The Power of Habit -- Book Review

All our life, so far as it has definite form, is but a mass of habits,— practical, emotional, and intellectual,— systematically organized for our weal or woe, and bearing us irresistibly toward our destiny, whatever the latter may be. -- William James

The Power of Habit: Why We Do What We Do in Life and Business 
By Charles Duhigg

A few months ago I was roaming the library as I tend to do with a pile of books in my hand. One of them was The Power of Habit. A friend passing by saw this in the pile and told me I must read it and that she'd been the one who requested the library to get it in the first place. Today after an exam and a short walk I felt encouraged to read something inspiring and after browsing the shelves I saw the shiny yellow spine of this book and thought why not?

Why this book works as opposed to a vast number of self-help books out in the market is that it does not profess to change you. All it aims is to have you analyze your habits and find ways to replace them with better habits if you wish to. It does this through a mixture of science/cognitive behavioral techniques and extended case studies of habit formation in popular culture.

One of the central arguments uses the following case study to illustrate it. The book posits that Americans in the 60s simply didn't brush their teeth. For a company manufacturing tooth paste, this was an issue as no matter how carefully a recipe for tooth paste was made, it was not an item people bought regularly. An advertising executive soon realized that if he highlighted the 'film' that grows on teeth (plaque) a few minutes after eating something sugary, and used the flashy bright smiles of popular film stars as examples of people who had brushed their teeth with Pepsodent (the name of the toothpaste they were selling) then people would associate the glamour of the film stars with brushing their teeth with Pepsodent.

However, this too didn't work. After much deliberation over why even then the toothpaste wasn't selling, they realized that they needed to make the customers feel like a transformation was happening in their mouths. They added an ingredient to cause the mouth to tingle after using the toothpaste, a sensation which people immediately associated with clean teeth--film stars. Soon they began to crave the tingling refreshing feeling and would brush their teeth for that sensation. Brushing teeth became a habit, as people got addicted/habituated to the tingling sensation. Sales boomed, and tooth paste became a regular staple in every American house hold.

Identifying the process behind the beginning of a habit is central to this book as it can be applied to virtually every habit one has. Understanding every component of the habit loop is how people can successfully make and/or break habits. The highly successful Alcoholic's Anonymous also uses this technique--identifying what triggers drinking (the cue), discovering what exactly the craving is for (is it really for the drink? or the feelings of success or forgetfulness?) and finding new or alternative reward systems.

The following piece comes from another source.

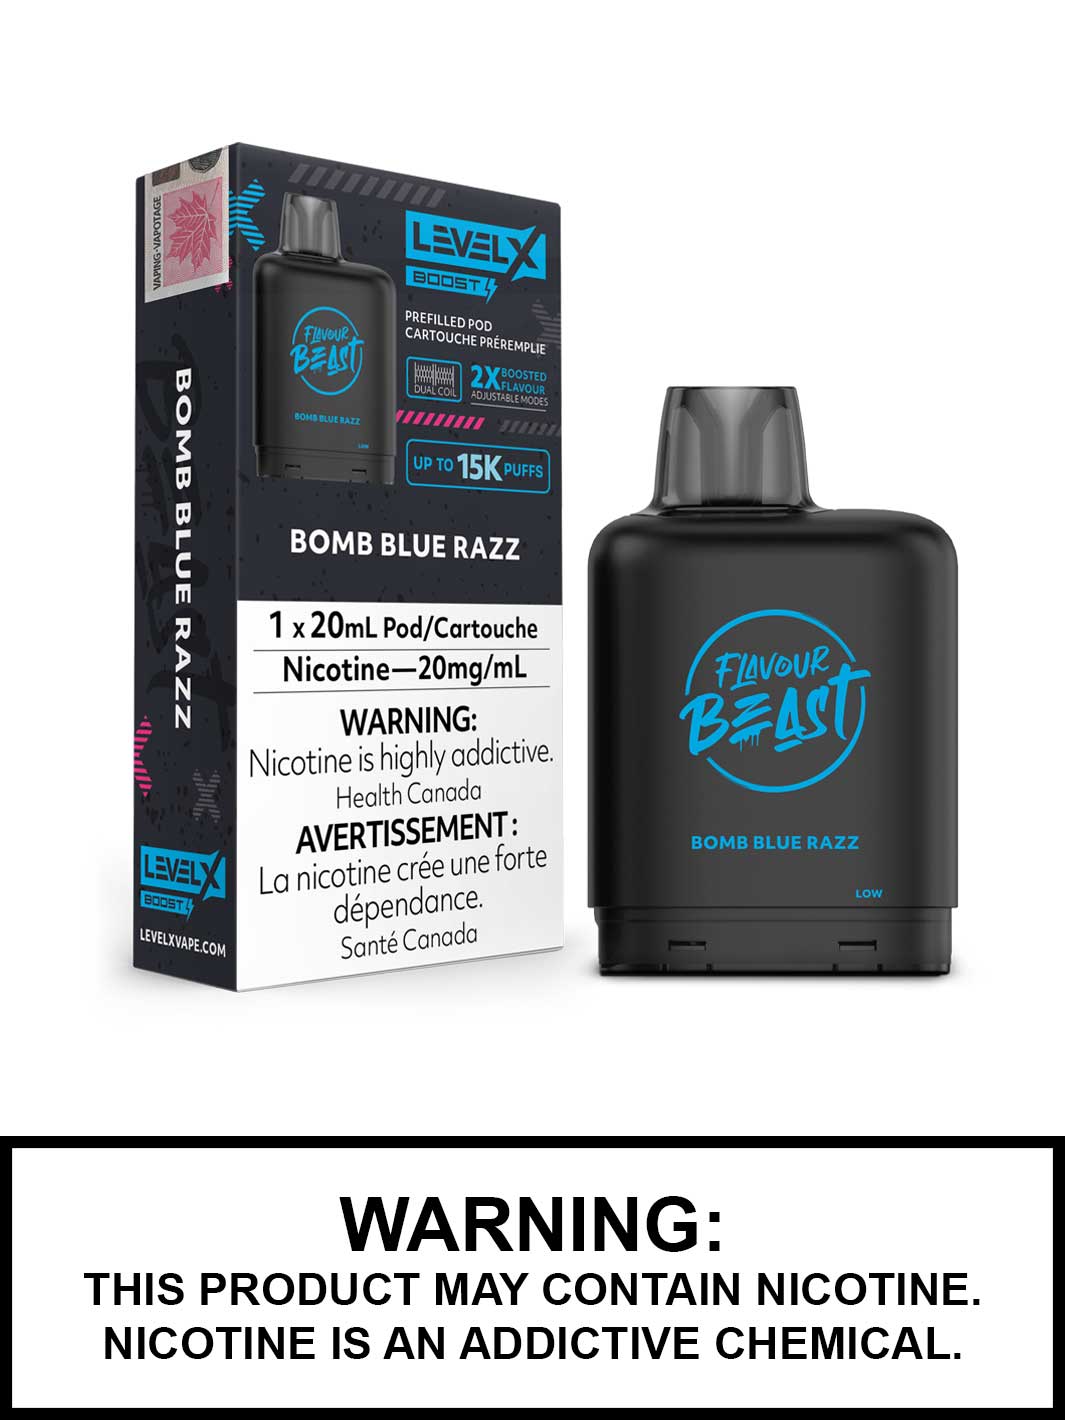 Bomb Blue Razz Flavour Beast Level X Boost Pods, Level X Vape, Vape360 Canada

The strength of this book lies in the first two chapters, where these examples are laid out and the basic rubric and set up of a habit is explained. I think if one was short on time, reading the first two chapters is sufficient to getting the most out of the book. It's a simple cycle but crucial and freeing if used well.

What I liked most about this book was the final chapter--habit formation and free will. The book--rightly, in my opinion--implies that our daily actions are informed nearly 90% by habits, rather than by active choices on our part. As such, old cycles, old failures tend to repeat on loop. As for those with serious addictions (gambling, drinking, etc) it may even feel like they don't have free will if the brain (as the book illustrates through scientific experiments) goes on autopilot. The important point the chapter relays is that while one may not have a choice once the habit is formed one can create a new habit of one's own choosing to counter it.  So yes, maybe there is no free will once a particular habit is created, however, a person can consciously create habits (and create "determination") of their own choosing. This might not be the most intellectual or even complex point, but to me it was ground breaking because of its simplicity and its approach towards excuses or helplessness.

The book is clearly written, and uses engaging and convincing examples to explain its stance. It is, however, a bloated and repetitious book--so my advice for the optimal reading experience is to read the first two and last chapter, as well as the final epilogue which delves a little into how these principles can be applied to one's life. It's not a profound or even philosophical book, but it can be inspiring for those who need that little push to investigate and become more self aware of their habits and their ways of life.